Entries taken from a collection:
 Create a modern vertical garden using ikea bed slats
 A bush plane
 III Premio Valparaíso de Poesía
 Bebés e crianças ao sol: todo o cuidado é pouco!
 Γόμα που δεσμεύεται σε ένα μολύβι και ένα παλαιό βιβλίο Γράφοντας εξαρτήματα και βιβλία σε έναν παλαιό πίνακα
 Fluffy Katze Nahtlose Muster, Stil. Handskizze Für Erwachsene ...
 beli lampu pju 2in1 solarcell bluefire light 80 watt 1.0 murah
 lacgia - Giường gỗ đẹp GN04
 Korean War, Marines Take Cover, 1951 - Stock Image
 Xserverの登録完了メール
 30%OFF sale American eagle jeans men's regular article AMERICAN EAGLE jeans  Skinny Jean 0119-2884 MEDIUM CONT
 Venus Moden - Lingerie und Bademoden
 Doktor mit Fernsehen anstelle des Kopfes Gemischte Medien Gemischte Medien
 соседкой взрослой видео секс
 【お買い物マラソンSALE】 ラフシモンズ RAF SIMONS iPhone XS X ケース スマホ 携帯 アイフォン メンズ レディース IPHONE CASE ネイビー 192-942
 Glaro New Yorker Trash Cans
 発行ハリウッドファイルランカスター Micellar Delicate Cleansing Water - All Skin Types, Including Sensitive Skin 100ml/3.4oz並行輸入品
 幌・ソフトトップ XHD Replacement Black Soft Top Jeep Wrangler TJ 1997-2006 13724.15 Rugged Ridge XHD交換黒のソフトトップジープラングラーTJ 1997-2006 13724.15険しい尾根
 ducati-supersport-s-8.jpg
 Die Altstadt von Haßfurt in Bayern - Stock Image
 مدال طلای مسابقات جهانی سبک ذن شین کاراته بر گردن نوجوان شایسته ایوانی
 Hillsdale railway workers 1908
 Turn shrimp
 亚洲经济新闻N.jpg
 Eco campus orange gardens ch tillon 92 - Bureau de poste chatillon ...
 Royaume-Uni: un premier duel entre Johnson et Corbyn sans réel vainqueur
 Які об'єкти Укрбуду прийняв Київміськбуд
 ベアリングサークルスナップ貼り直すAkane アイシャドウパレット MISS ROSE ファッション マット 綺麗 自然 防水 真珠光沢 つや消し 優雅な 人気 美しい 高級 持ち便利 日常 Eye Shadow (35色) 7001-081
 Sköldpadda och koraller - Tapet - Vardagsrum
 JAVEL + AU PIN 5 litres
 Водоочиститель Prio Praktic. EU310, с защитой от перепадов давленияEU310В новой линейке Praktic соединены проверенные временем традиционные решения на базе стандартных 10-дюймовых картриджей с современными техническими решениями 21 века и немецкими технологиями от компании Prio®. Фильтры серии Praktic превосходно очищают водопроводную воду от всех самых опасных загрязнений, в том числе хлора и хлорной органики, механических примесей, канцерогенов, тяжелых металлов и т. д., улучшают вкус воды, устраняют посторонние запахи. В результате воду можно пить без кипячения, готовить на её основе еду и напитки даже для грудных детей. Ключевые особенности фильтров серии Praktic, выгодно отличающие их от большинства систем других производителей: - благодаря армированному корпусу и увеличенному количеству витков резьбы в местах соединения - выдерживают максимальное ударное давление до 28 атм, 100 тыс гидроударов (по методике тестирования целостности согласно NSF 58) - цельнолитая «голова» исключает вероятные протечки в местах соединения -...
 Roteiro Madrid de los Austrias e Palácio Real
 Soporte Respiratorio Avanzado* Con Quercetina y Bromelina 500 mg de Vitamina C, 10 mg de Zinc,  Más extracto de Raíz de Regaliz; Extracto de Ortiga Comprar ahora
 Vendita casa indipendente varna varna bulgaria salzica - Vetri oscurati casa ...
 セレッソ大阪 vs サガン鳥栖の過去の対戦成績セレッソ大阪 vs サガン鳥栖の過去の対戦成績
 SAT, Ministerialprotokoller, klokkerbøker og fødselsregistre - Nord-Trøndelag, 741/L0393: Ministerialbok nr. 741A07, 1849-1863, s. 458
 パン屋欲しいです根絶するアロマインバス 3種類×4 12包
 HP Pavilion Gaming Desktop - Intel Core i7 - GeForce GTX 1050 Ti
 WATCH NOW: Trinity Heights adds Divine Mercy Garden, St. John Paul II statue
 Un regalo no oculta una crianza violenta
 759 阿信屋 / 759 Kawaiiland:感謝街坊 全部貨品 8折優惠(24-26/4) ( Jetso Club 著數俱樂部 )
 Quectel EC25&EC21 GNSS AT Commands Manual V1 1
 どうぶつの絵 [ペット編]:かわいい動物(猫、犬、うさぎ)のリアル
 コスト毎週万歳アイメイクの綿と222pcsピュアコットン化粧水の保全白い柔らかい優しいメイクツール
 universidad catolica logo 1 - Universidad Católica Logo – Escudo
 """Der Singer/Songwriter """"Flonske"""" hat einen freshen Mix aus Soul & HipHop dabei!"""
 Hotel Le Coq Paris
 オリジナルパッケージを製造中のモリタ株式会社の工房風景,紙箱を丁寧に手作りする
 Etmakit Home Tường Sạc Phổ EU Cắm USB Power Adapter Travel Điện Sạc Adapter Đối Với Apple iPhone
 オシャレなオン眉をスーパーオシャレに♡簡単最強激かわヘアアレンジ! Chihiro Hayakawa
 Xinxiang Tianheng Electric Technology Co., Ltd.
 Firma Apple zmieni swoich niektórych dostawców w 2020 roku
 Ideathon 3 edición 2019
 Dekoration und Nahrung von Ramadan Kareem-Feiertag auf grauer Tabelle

Exercise instructions:
Would you print all of the records exactly as they were given?

Exercise solution:
 Create a modern vertical garden using ikea bed slats
 A bush plane
 III Premio Valparaíso de Poesía
 Bebés e crianças ao sol: todo o cuidado é pouco!
 Γόμα που δεσμεύεται σε ένα μολύβι και ένα παλαιό βιβλίο Γράφοντας εξαρτήματα και βιβλία σε έναν παλαιό πίνακα
 Fluffy Katze Nahtlose Muster, Stil. Handskizze Für Erwachsene ...
 beli lampu pju 2in1 solarcell bluefire light 80 watt 1.0 murah
 lacgia - Giường gỗ đẹp GN04
 Korean War, Marines Take Cover, 1951 - Stock Image
 Xserverの登録完了メール
 30%OFF sale American eagle jeans men's regular article AMERICAN EAGLE jeans  Skinny Jean 0119-2884 MEDIUM CONT
 Venus Moden - Lingerie und Bademoden
 Doktor mit Fernsehen anstelle des Kopfes Gemischte Medien Gemischte Medien
 соседкой взрослой видео секс
 【お買い物マラソンSALE】 ラフシモンズ RAF SIMONS iPhone XS X ケース スマホ 携帯 アイフォン メンズ レディース IPHONE CASE ネイビー 192-942
 Glaro New Yorker Trash Cans
 発行ハリウッドファイルランカスター Micellar Delicate Cleansing Water - All Skin Types, Including Sensitive Skin 100ml/3.4oz並行輸入品
 幌・ソフトトップ XHD Replacement Black Soft Top Jeep Wrangler TJ 1997-2006 13724.15 Rugged Ridge XHD交換黒のソフトトップジープラングラーTJ 1997-2006 13724.15険しい尾根
 ducati-supersport-s-8.jpg
 Die Altstadt von Haßfurt in Bayern - Stock Image
 مدال طلای مسابقات جهانی سبک ذن شین کاراته بر گردن نوجوان شایسته ایوانی
 Hillsdale railway workers 1908
 Turn shrimp
 亚洲经济新闻N.jpg
 Eco campus orange gardens ch tillon 92 - Bureau de poste chatillon ...
 Royaume-Uni: un premier duel entre Johnson et Corbyn sans réel vainqueur
 Які об'єкти Укрбуду прийняв Київміськбуд
 ベアリングサークルスナップ貼り直すAkane アイシャドウパレット MISS ROSE ファッション マット 綺麗 自然 防水 真珠光沢 つや消し 優雅な 人気 美しい 高級 持ち便利 日常 Eye Shadow (35色) 7001-081
 Sköldpadda och koraller - Tapet - Vardagsrum
 JAVEL + AU PIN 5 litres
 Водоочиститель Prio Praktic. EU310, с защитой от перепадов давленияEU310В новой линейке Praktic соединены проверенные временем традиционные решения на базе стандартных 10-дюймовых картриджей с современными техническими решениями 21 века и немецкими технологиями от компании Prio®. Фильтры серии Praktic превосходно очищают водопроводную воду от всех самых опасных загрязнений, в том числе хлора и хлорной органики, механических примесей, канцерогенов, тяжелых металлов и т. д., улучшают вкус воды, устраняют посторонние запахи. В результате воду можно пить без кипячения, готовить на её основе еду и напитки даже для грудных детей. Ключевые особенности фильтров серии Praktic, выгодно отличающие их от большинства систем других производителей: - благодаря армированному корпусу и увеличенному количеству витков резьбы в местах соединения - выдерживают максимальное ударное давление до 28 атм, 100 тыс гидроударов (по методике тестирования целостности согласно NSF 58) - цельнолитая «голова» исключает вероятные протечки в местах соединения -...
 Roteiro Madrid de los Austrias e Palácio Real
 Soporte Respiratorio Avanzado* Con Quercetina y Bromelina 500 mg de Vitamina C, 10 mg de Zinc,  Más extracto de Raíz de Regaliz; Extracto de Ortiga Comprar ahora
 Vendita casa indipendente varna varna bulgaria salzica - Vetri oscurati casa ...
 セレッソ大阪 vs サガン鳥栖の過去の対戦成績セレッソ大阪 vs サガン鳥栖の過去の対戦成績
 SAT, Ministerialprotokoller, klokkerbøker og fødselsregistre - Nord-Trøndelag, 741/L0393: Ministerialbok nr. 741A07, 1849-1863, s. 458
 パン屋欲しいです根絶するアロマインバス 3種類×4 12包
 HP Pavilion Gaming Desktop - Intel Core i7 - GeForce GTX 1050 Ti
 WATCH NOW: Trinity Heights adds Divine Mercy Garden, St. John Paul II statue
 Un regalo no oculta una crianza violenta
 759 阿信屋 / 759 Kawaiiland:感謝街坊 全部貨品 8折優惠(24-26/4) ( Jetso Club 著數俱樂部 )
 Quectel EC25&EC21 GNSS AT Commands Manual V1 1
 どうぶつの絵 [ペット編]:かわいい動物(猫、犬、うさぎ)のリアル
 コスト毎週万歳アイメイクの綿と222pcsピュアコットン化粧水の保全白い柔らかい優しいメイクツール
 universidad catolica logo 1 - Universidad Católica Logo – Escudo
 """Der Singer/Songwriter """"Flonske"""" hat einen freshen Mix aus Soul & HipHop dabei!"""
 Hotel Le Coq Paris
 オリジナルパッケージを製造中のモリタ株式会社の工房風景,紙箱を丁寧に手作りする
 Etmakit Home Tường Sạc Phổ EU Cắm USB Power Adapter Travel Điện Sạc Adapter Đối Với Apple iPhone
 オシャレなオン眉をスーパーオシャレに♡簡単最強激かわヘアアレンジ! Chihiro Hayakawa
 Xinxiang Tianheng Electric Technology Co., Ltd.
 Firma Apple zmieni swoich niektórych dostawców w 2020 roku
 Ideathon 3 edición 2019
 Dekoration und Nahrung von Ramadan Kareem-Feiertag auf grauer Tabelle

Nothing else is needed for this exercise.